September 1985

Pulmonary and Renal Responses to Furosemide in Infants With Stage III-IV Bronchopulmonary Dysplasia

Author Affiliations

From the Division of Neonatology, Cook County Children's Hospital, Chicago (Drs Patel, Yeh, Jain, and Pildes), and the Department of Pediatrics, University of Illinois College of Medicine, Chicago (Drs Yeh and Pildes).

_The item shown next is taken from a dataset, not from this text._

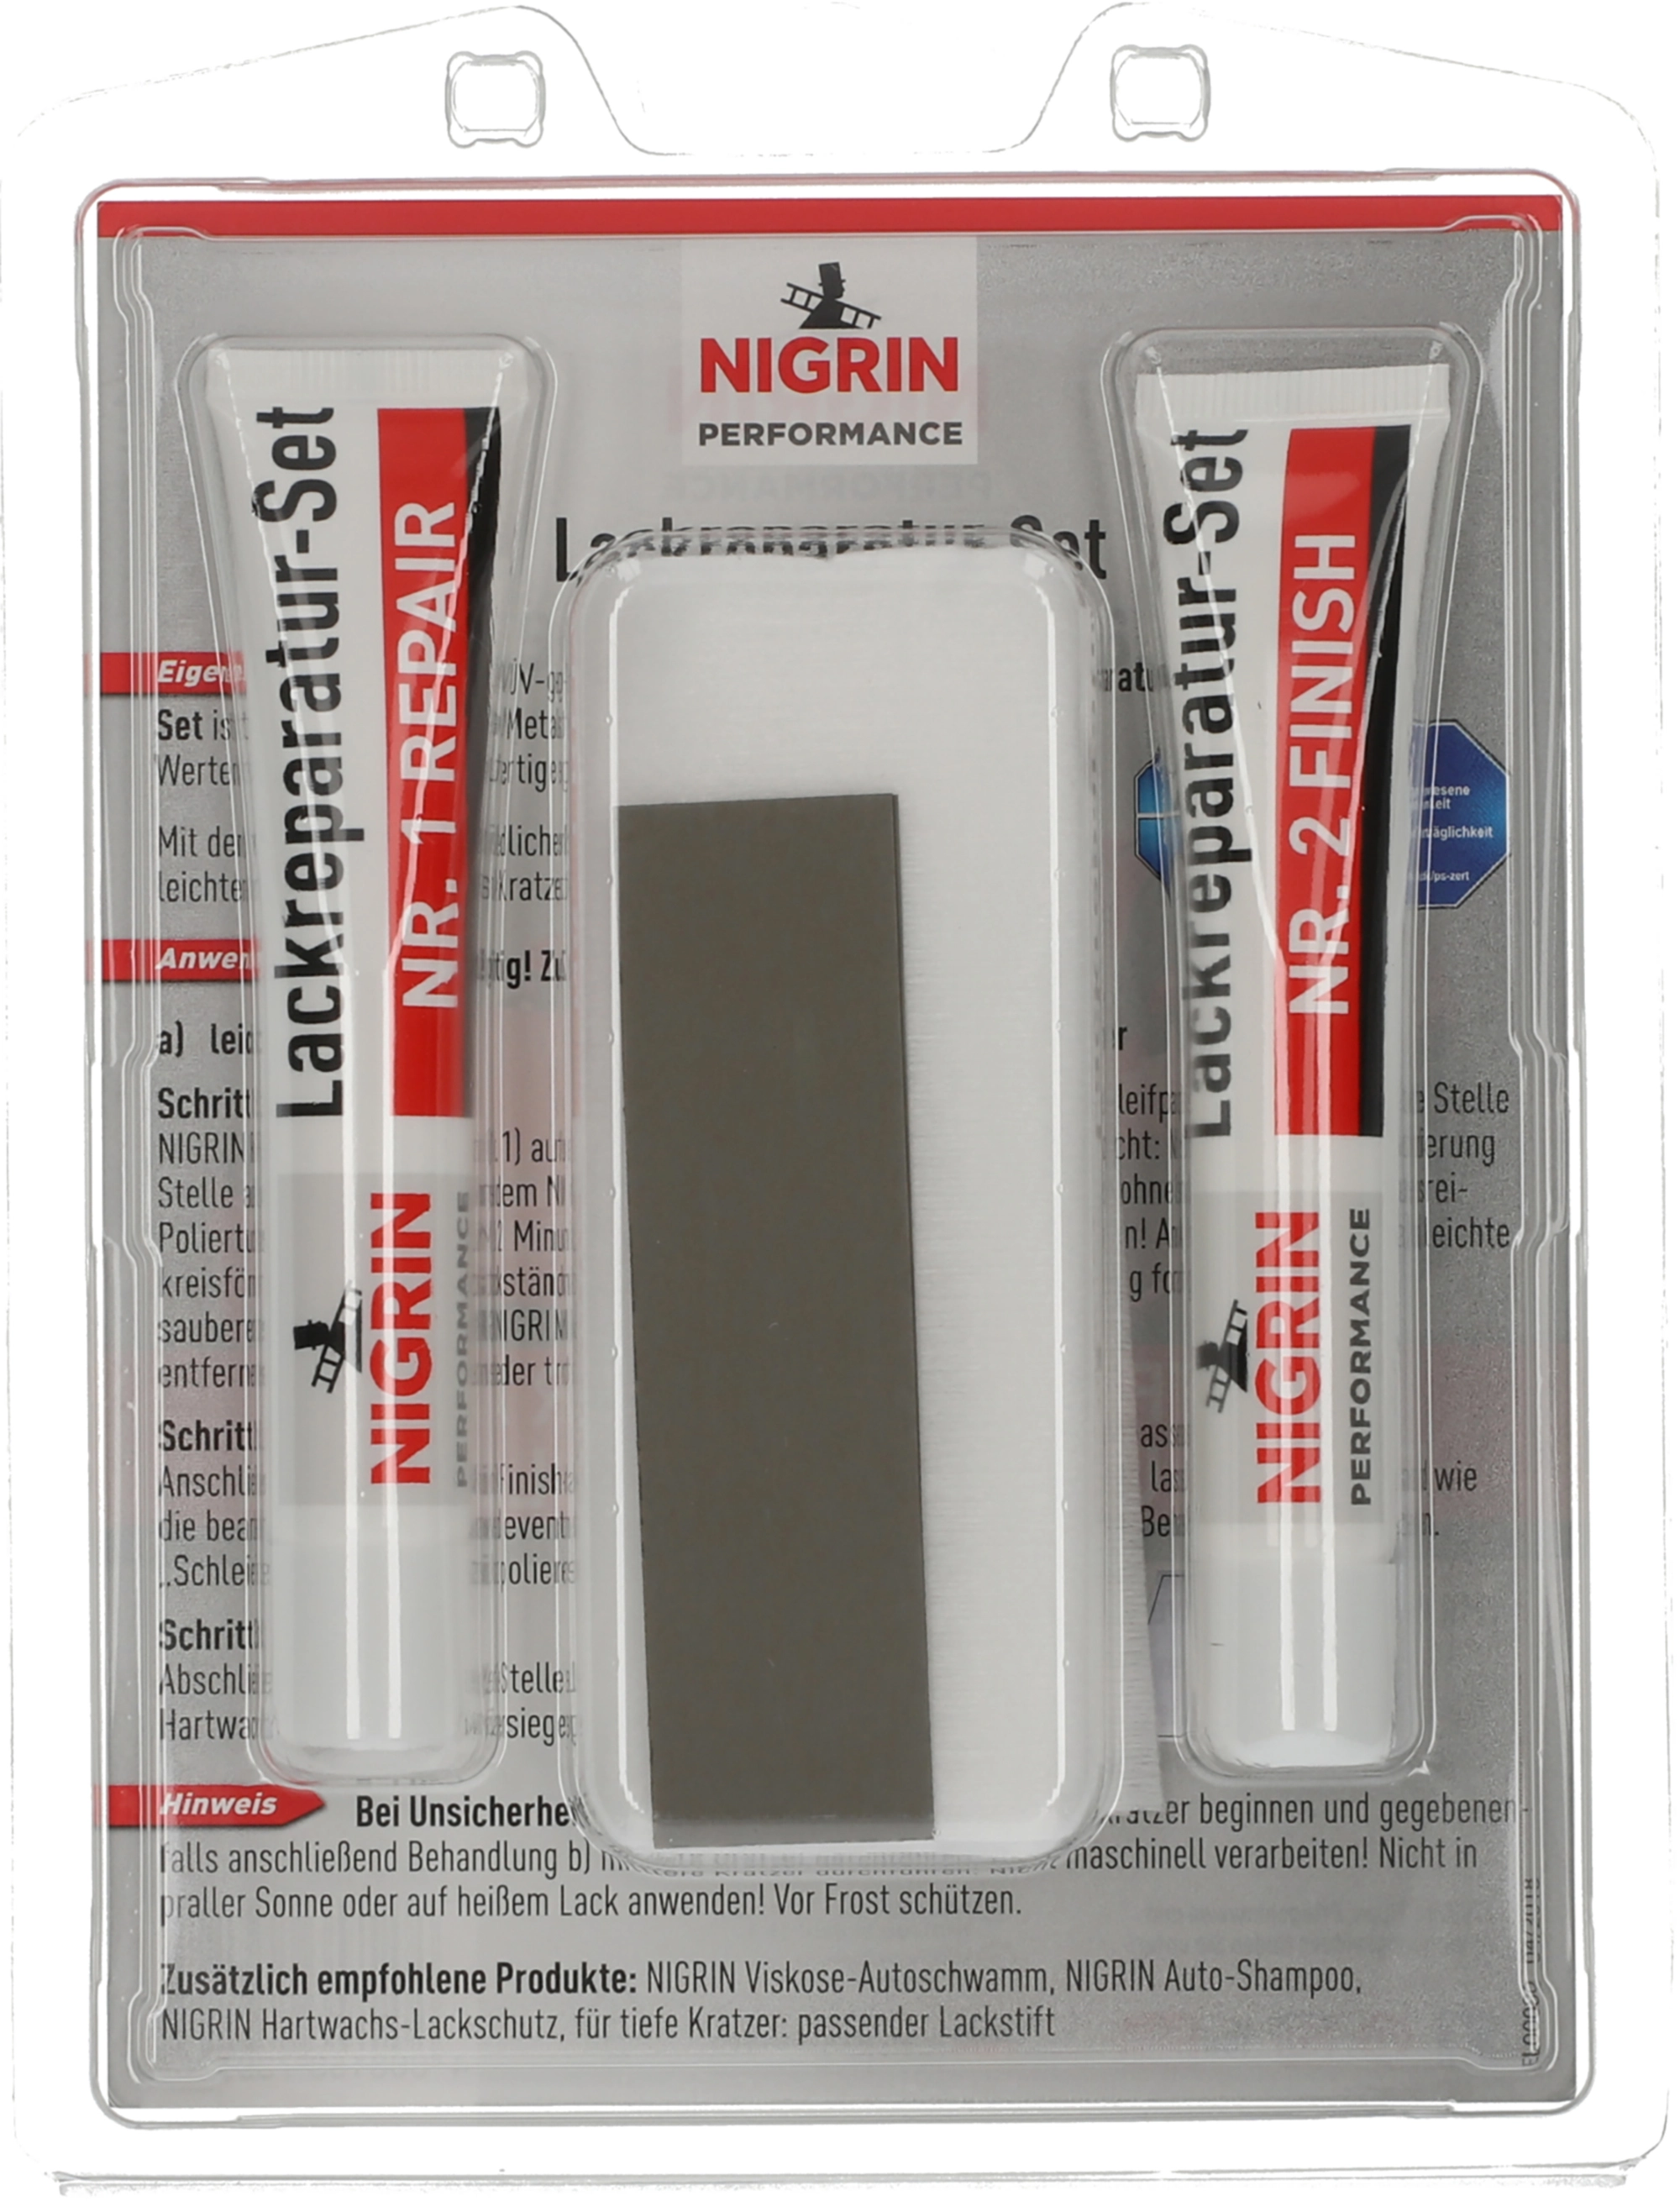 Nigrin Lack-Reparatur-Set

Am J Dis Child. 1985;139(9):917-919. doi:10.1001/archpedi.1985.02140110071032

• Pulmonary and renal responses to furosemide were evaluated in ten infants with stage III-IV bronchopulmonary dysplasia. Furosemide was given intravenously for two doses, 1 and 2 mg/kg, at approximately 24-hour intervals. The following indices were evaluated in series before and after entry Into study: clinical respiratory distress syndrome score; blood pH; partial pressure of arterial carbon dioxide; alveolar-arterial oxygen gradient; urine output; glomerular filtration rate; fractional excretion of filtered sodium, chloride, potassium, and calcium; osmolar clearance; water clearance; and concentrations of serum electrolytes and calcium. A significant decrease in the respiratory distress syndrome score and in the partial pressure of arterial carbon dioxide was seen only transiently at two hours following each dose. There was no significant improvement in the alveolar-arterial oxygen gradient during the study. Furosemide induced diuresis and urinary excretion of sodium, chloride, potassium, and calcium. A significant decrease in serum chloride and potassium concentrations was seen at 48 hours after entry intostudy; serum sodium and calcium concentrations remained unchanged. This study has demonstrated that furosemide administration has only a short-term effect in the lung but has a potential for long-term complication on electrolytes and calcium balance in infants with well-established stage III-IV bronchopulmonary dysplasia.